2 Sucker Sales Fails New Execs Make in Energy & Industry

I see startups make repeated mistakes when they scale in the energy & industrial verticals. Here are a few sales “No-Nos” to avoid…


Energy and industrial firms broadly act like critical infrastructure providers. These firms are process oriented. Most of these companies thrive off of hierarchy, structure and process. Budget in these verticals for new technologies does not magically appear over night. If there is going to be budget for a real contract, there ABSOLUTELY will be budget for a Proof of Concept. If you are developing your sales pipeline and cannot identify the budget with your champion, move along. (And yes, I recognize that in some other industries a non-paid PoC can generate a contract more easily) In my decade within the early stage energy & industrial market, I can count on one hand the number of free pilots that expanded into an enterprise deal.

#2 Do NOT move your cloud provider for the promise of customers or a re-seller agreement.

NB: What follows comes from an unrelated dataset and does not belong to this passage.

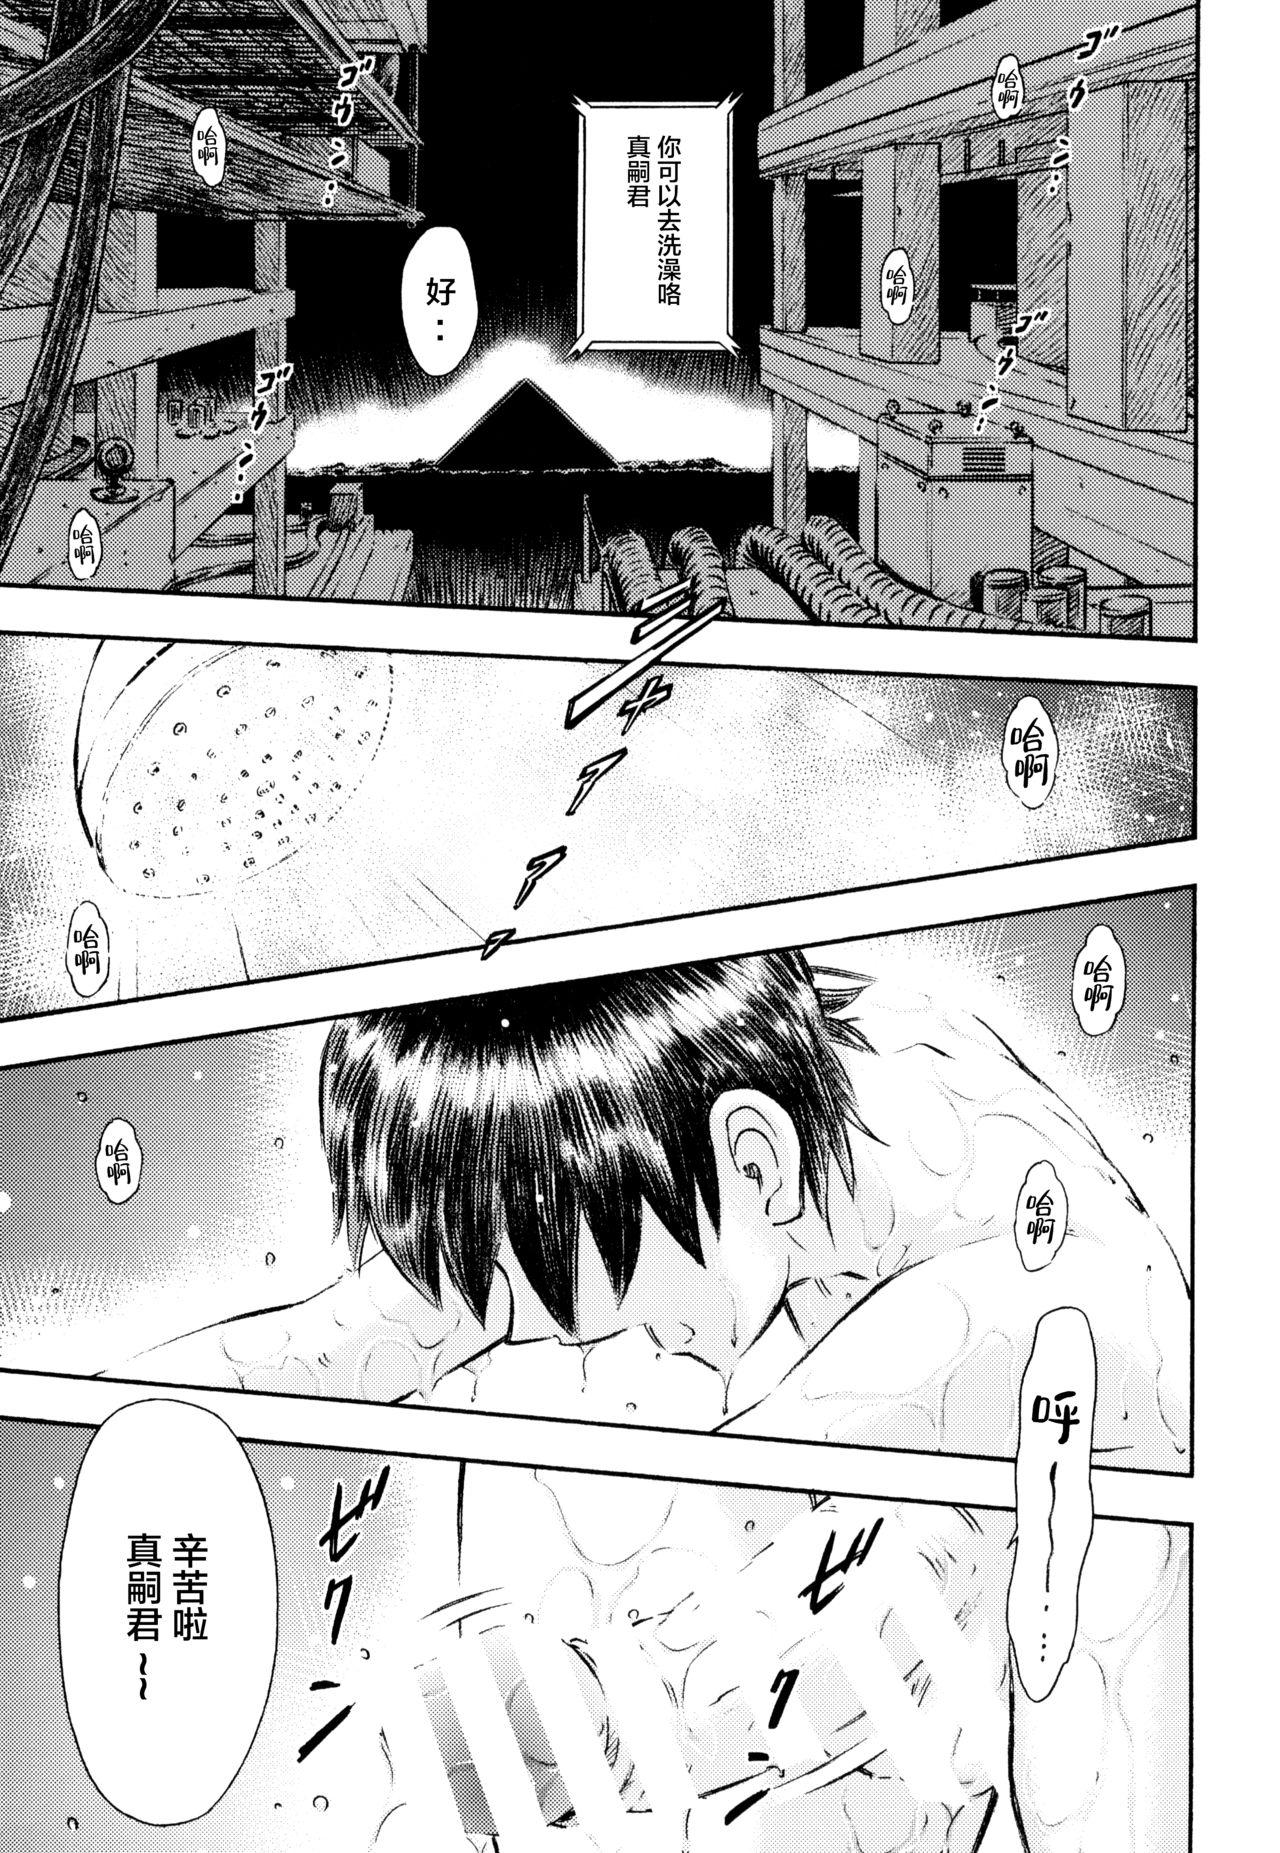 Stroking Asuka to Rei "Kyoudou Seikatsu" no Yokushuu - Neon genesis evangelion Pickup - Page 2

I have seen some very lofty customer introduction and reseller promises from the cloud divisions of Google, Amazon and Microsoft. Every one of these firms will say something like this:

“Jeez, we have a Fortune 100 energy company that is asking us to help with their broader tech adoption. Those firms trust our recommendation. We would love to make that introduction for you, but you have to be on our cloud…”

These statements from the cloud sales execs are effectively hollow bribes.

And early start-up execs fall for it, subsequently invest a huge amount of money into transitioning their cloud provider… only to get crickets. You, Mr or Mrs. Start-up executive are the customer, not the provider. Unless they promise you years of free compute, stay away from these discussions.